- Official poster
- Directed by: Christine Conradt^{ [no]}
- Written by: Christine Conradt
- Produced by: Robert Ballo; Ken Sanders;
- Starring: Annalisa Cochrane; Anne Winters; Alexandra Paul; Jamie Luner;
- Cinematography: Roberto Schein
- Edited by: Josh Muscatine
- Music by: Richard Bowers
- Production companies: Reel One Entertainment; Pender Street Pictures;
- Distributed by: Lifetime Television; Reel One Entertainment;
- Release dates: May 24, 2015 (Canada); July 18, 2015 (United States);
- Running time: 90 minutes
- Country: United States
- Language: English

= The Bride He Bought Online =

2015 American television thriller film

The Bride He Bought Online is a 2015 American television thriller film, written and directed by Christine Conradt, and starring Anne Winters, Alexandra Paul, and Jamie Luner. It was broadcast on the Lifetime network in the United States on July 18, 2015.

==Plot==
What starts out as a harmless online prank takes a dark turn for 17-year-old Avery Lindstrom (Anne Winters) when her best friends, Mandy Kim (Lauren Gaw) and Kaley Mack (Annalisa Cochrane), create a fake profile for an international dating website and begin to communicate with a lonely, socially inept computer programmer named John Bennett (Travis Hammer). Having lived a life of isolation and bullying, John becomes consumed by his desire for revenge after learning he was catfished by the girls. Doing some digging online, John finds that the photo of his nonexistent "girlfriend" was actually that of a deceased Filipina model, then uncovers the identities of the three girls who played him like a fool on their blog with their cruel prank. While both Avery and Mandy feel bad for what they did to him and show some remorse, Kaley doesn't, being the "mean girl" of their school.

John decides to get back at the girls by hiring a good-looking guy about their age name Nick (Randy Blekitas). Nick is a male prostitute, and John tells him he is playing a trick on his niece, and wants him to get the three girls to fall for him and then stand them up. John finds their hangout, the Skatelab skate park, and sends Nick there to flirt with them. The plan works well, as both Kaley and Mandy express interest and give him their phone numbers.

Nick tells the girls he had just moved from Pittsburgh, and they invite him to a party that Avery is throwing.

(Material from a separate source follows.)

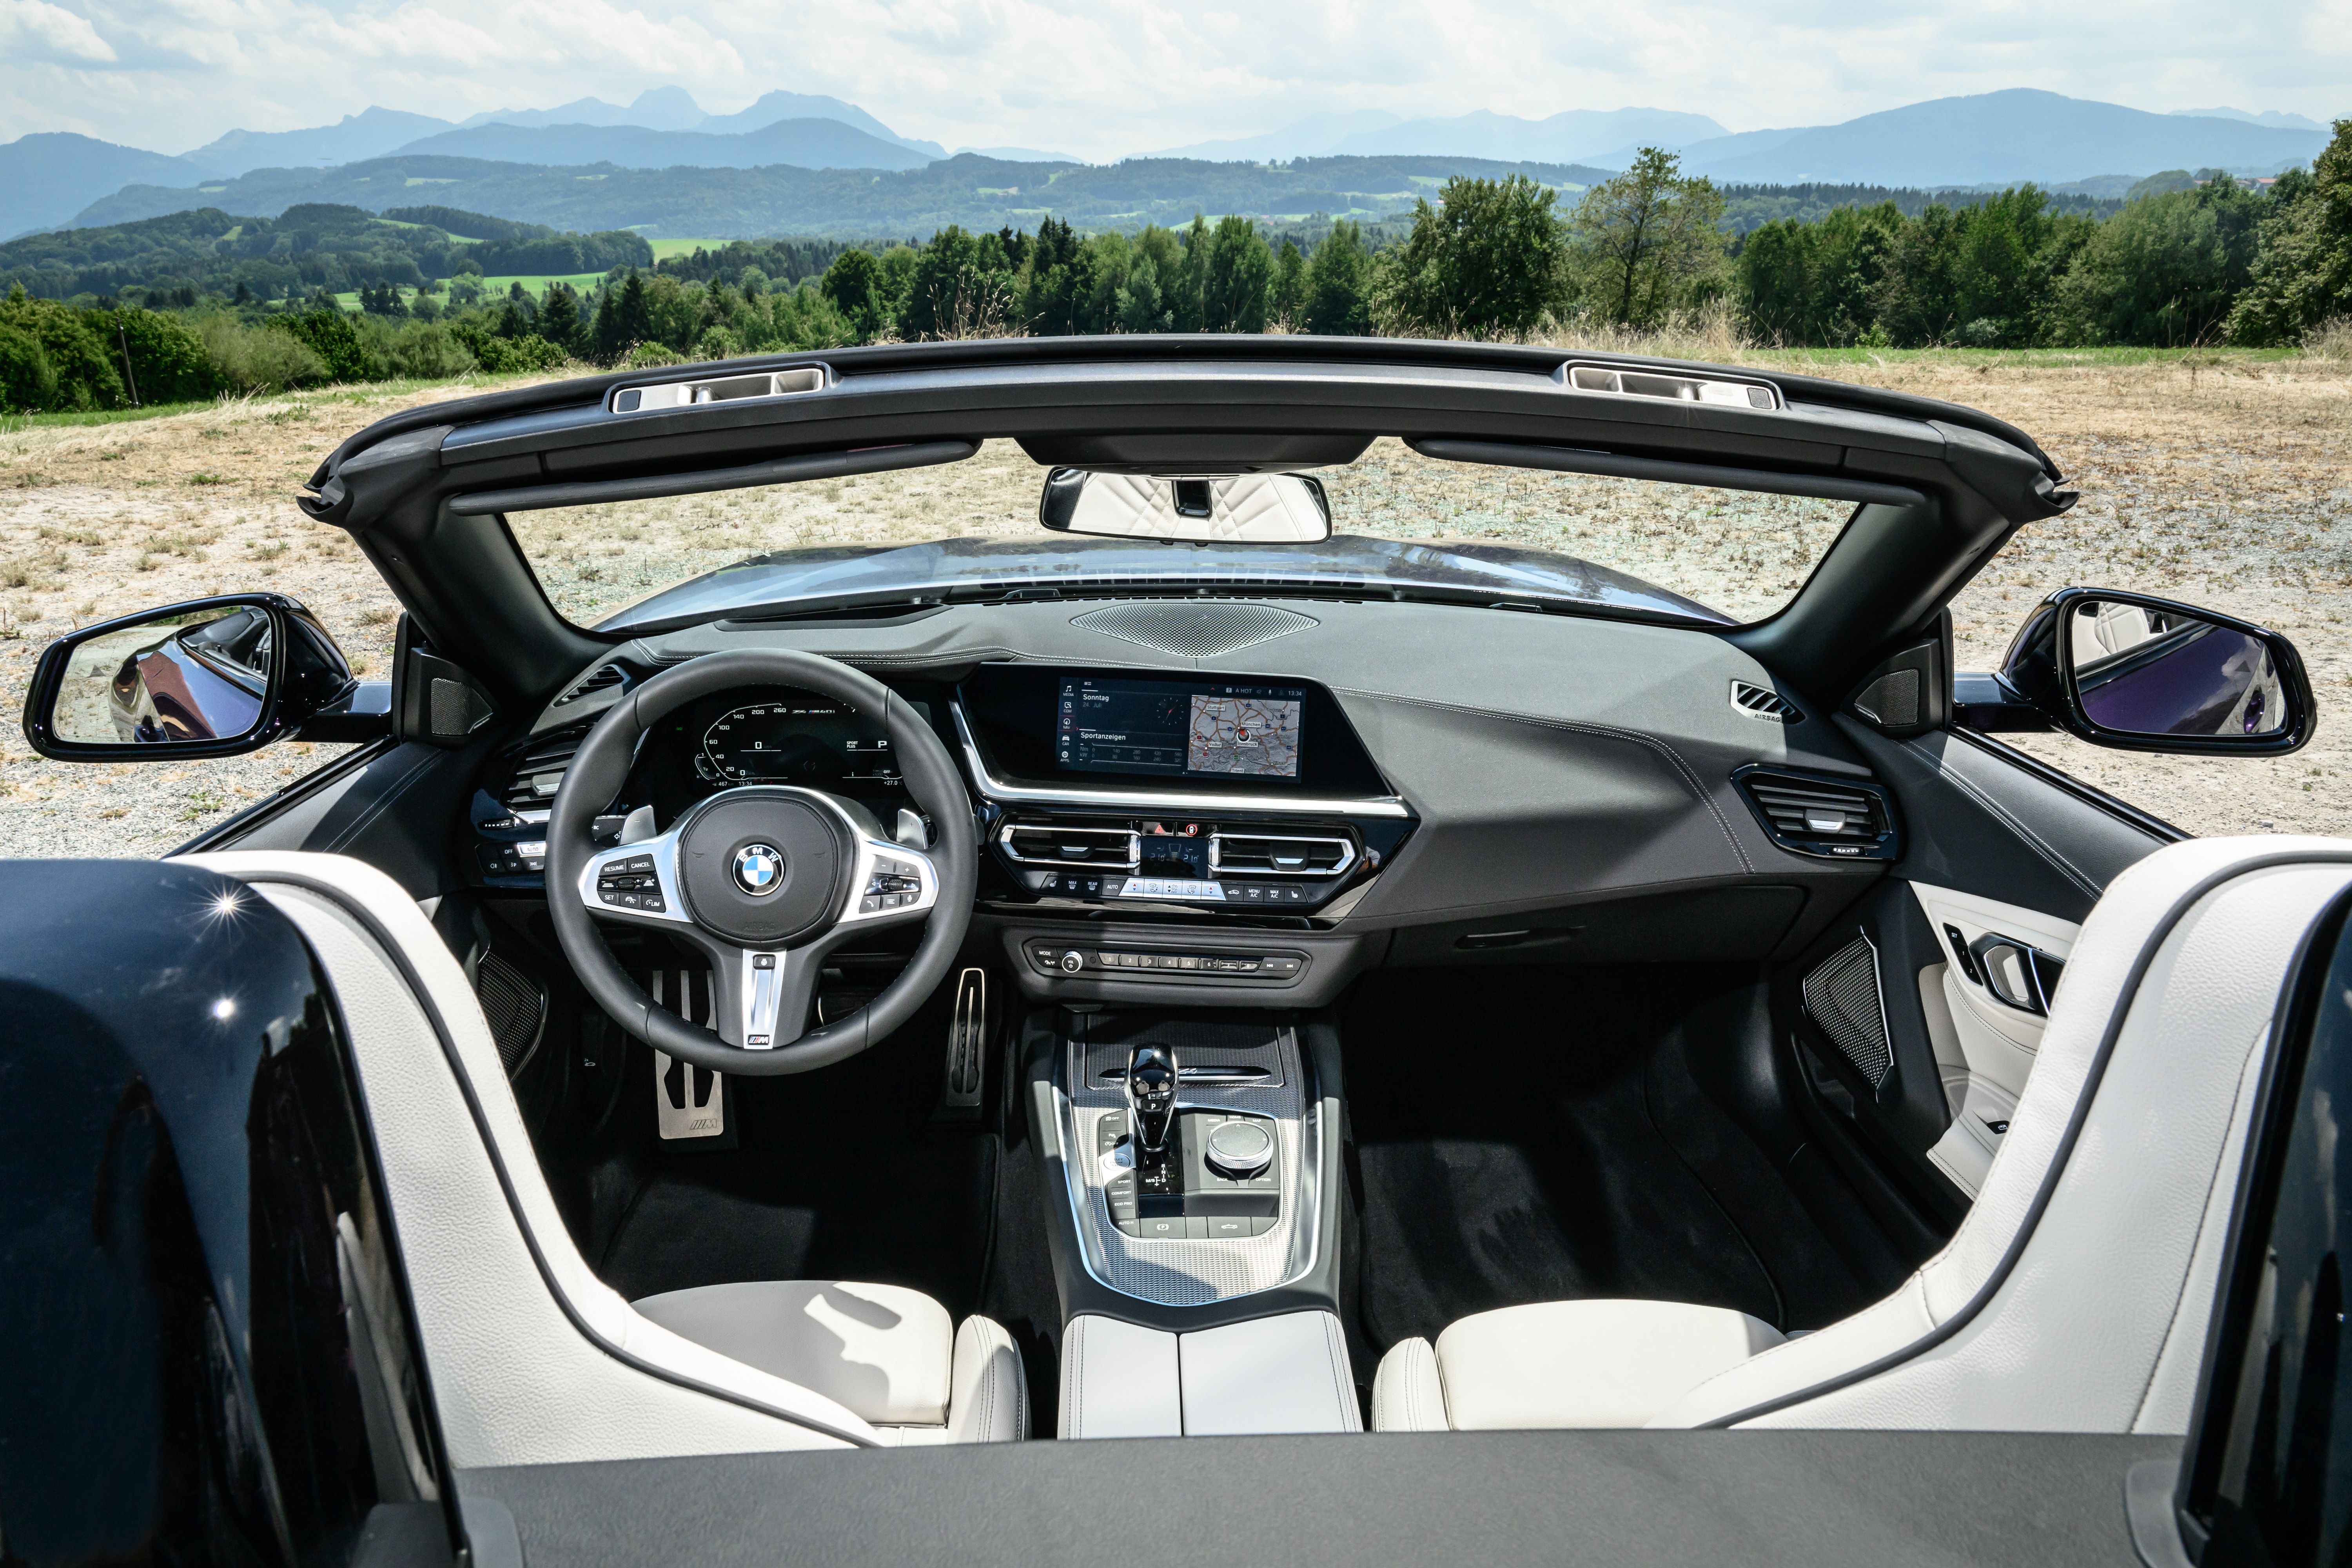 BMW Z4 interior - Cockpit

Though he fails to show, Nick then sends a text message inviting Kaley and Mandy to Skatelab (which was actually sent by John), and when they arrive, it seems as though no one is there. John kidnaps Mandy outside the hangout first, which Kaley initially thinks is a practical joke being pulled by Mandy or Avery. Kaley returns to the party and plays a practical joke on Avery's crush Trevor, pouring water on the crotch of his pants, then posts video of the prank on their blog. At this point, Avery has had enough of Kaley and ends their friendship.

Upon returning home, Kaley turns on the TV, but John uses his computer hacking skills to scare her by turning off the security system in Kaley's home. Having succeeded in panicking her, he then enters the house and kidnaps Kaley at gunpoint, taking her to the warehouse where he is holding Mandy hostage. The next day, Avery is being interviewed by an agent, as the parents of Kaley and Mandy are looking for their daughters. Avery tells the agent about Nick, and the cops mark him as a suspect. Nick speaks to the cop, straightening everything out and telling him about John.

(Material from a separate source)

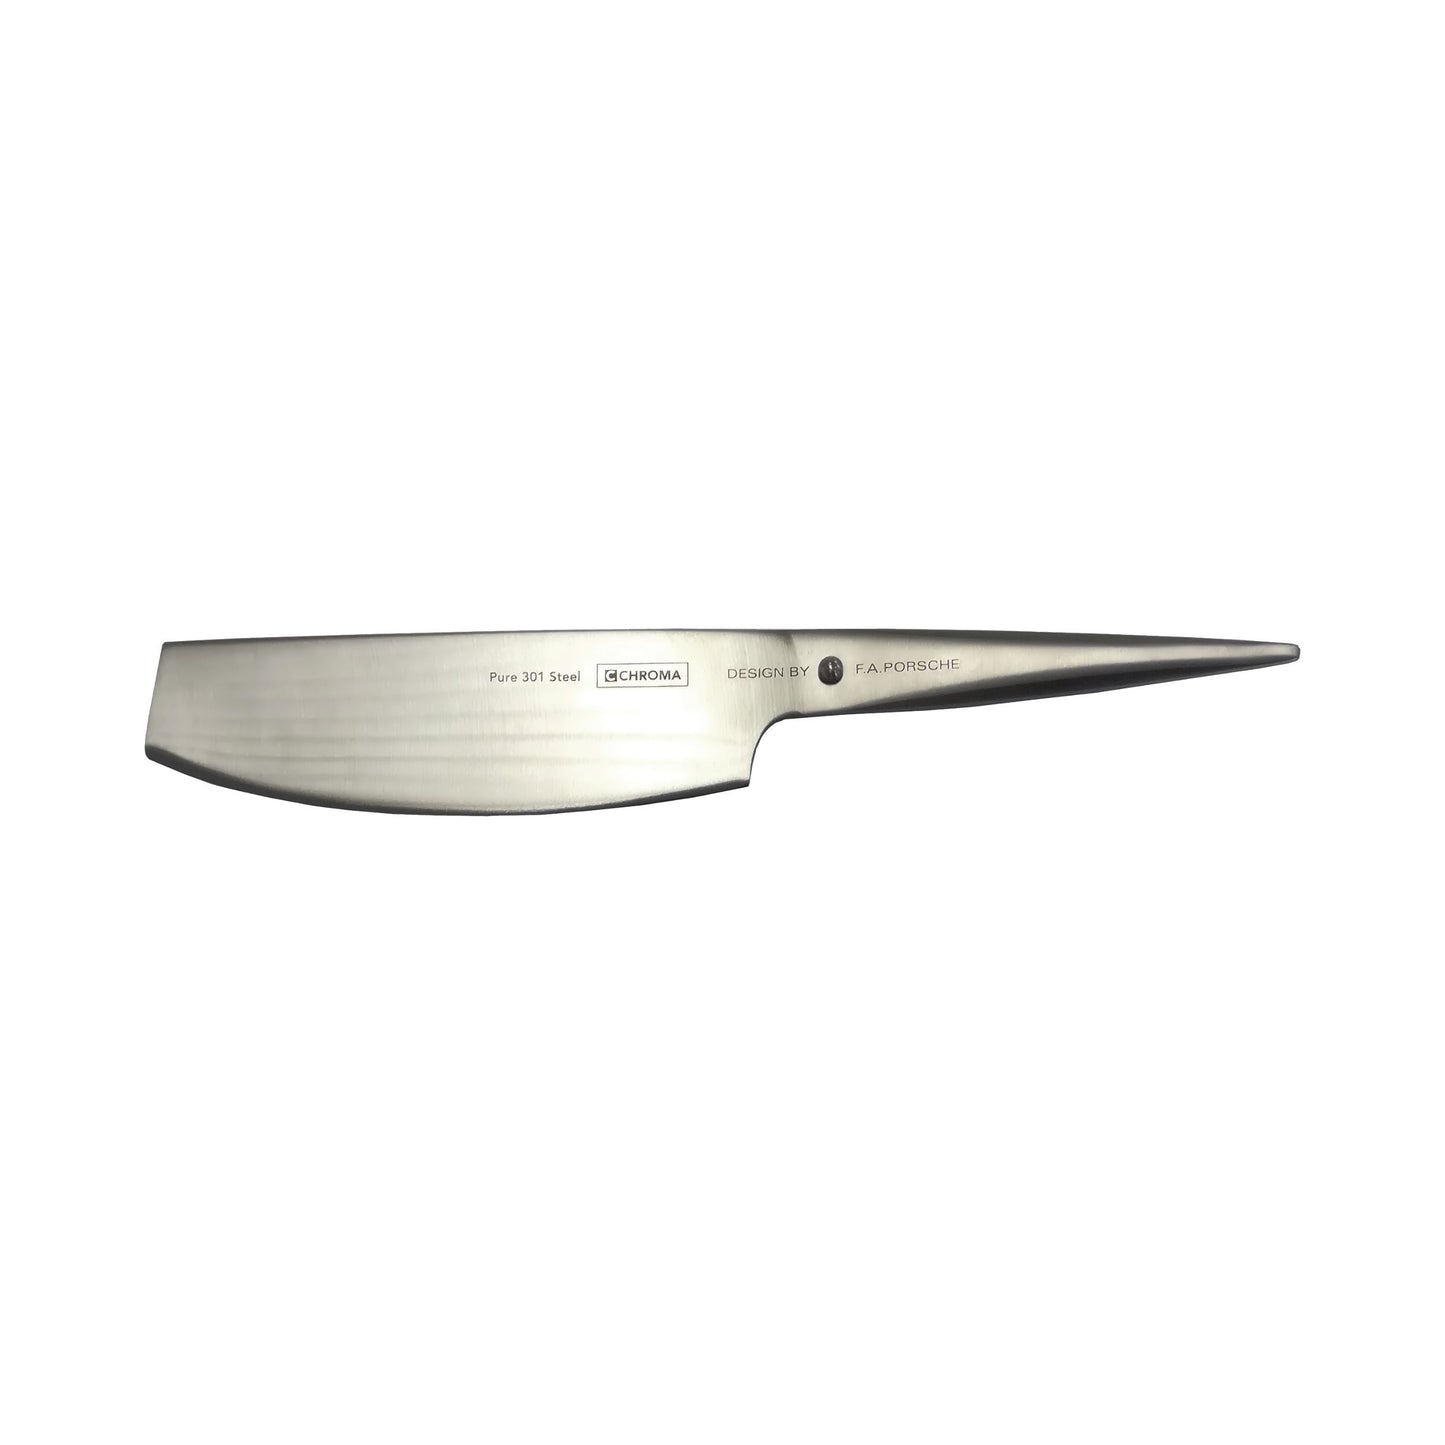 Type 301 - Herb/vegetable knife, 15.0cm

Later that day, Avery is also kidnapped by John, and having now captured all three girls, he takes them to sell to a man he found online. The man is going to sell the girls for human trafficking. However, John gets scammed by the man, who only takes Kaley with him. Afterwards, John takes Mandy and Avery back to the warehouse, where Avery slashes him with a piece of glass and tries to escape, but is unsuccessful. Upon returning home, John's hooker neighbor, Wanda, offers to find him someone else to sell the girls to, and the pair return to the warehouse. However, instead of aiding John in his trafficking attempt, Wanda shoots him in the arm, allowing Mandy and Avery to escape. John then retaliates by shooting Wanda in the chest and tries to find and recapture the girls, but is unable to due to his injuries, while the girls hide in the warehouse, armed with the neighbor's gun and a cell phone. They call the police and are saved, though a defeated John commits suicide in despair before he can be arrested.

As the film ends, Avery is in the hospital, being questioned by law enforcement. The final scene shows her taking things out of Kaley's locker, while Avery's voice-over explains that Kaley was never found.

==Cast==
- Anne Winters as Avery Lindstrom
- Travis Hammer as John Bennett
- Annalisa Cochrane as Kaley Mack
- Lauren Gaw as Mandy Kim
- Alexandra Paul as Kathy Schumaker
- Jamie Luner as Rihanne Lindstrom
- Chase Austin as Trevor Lansing
- Kesia Elwin as Wanda
- Randy Blekitas as Nick

==Release==
The film first had a limited release in Canada on May 24, 2015. It was then broadcast on the Lifetime network in the United States on July 18, 2015.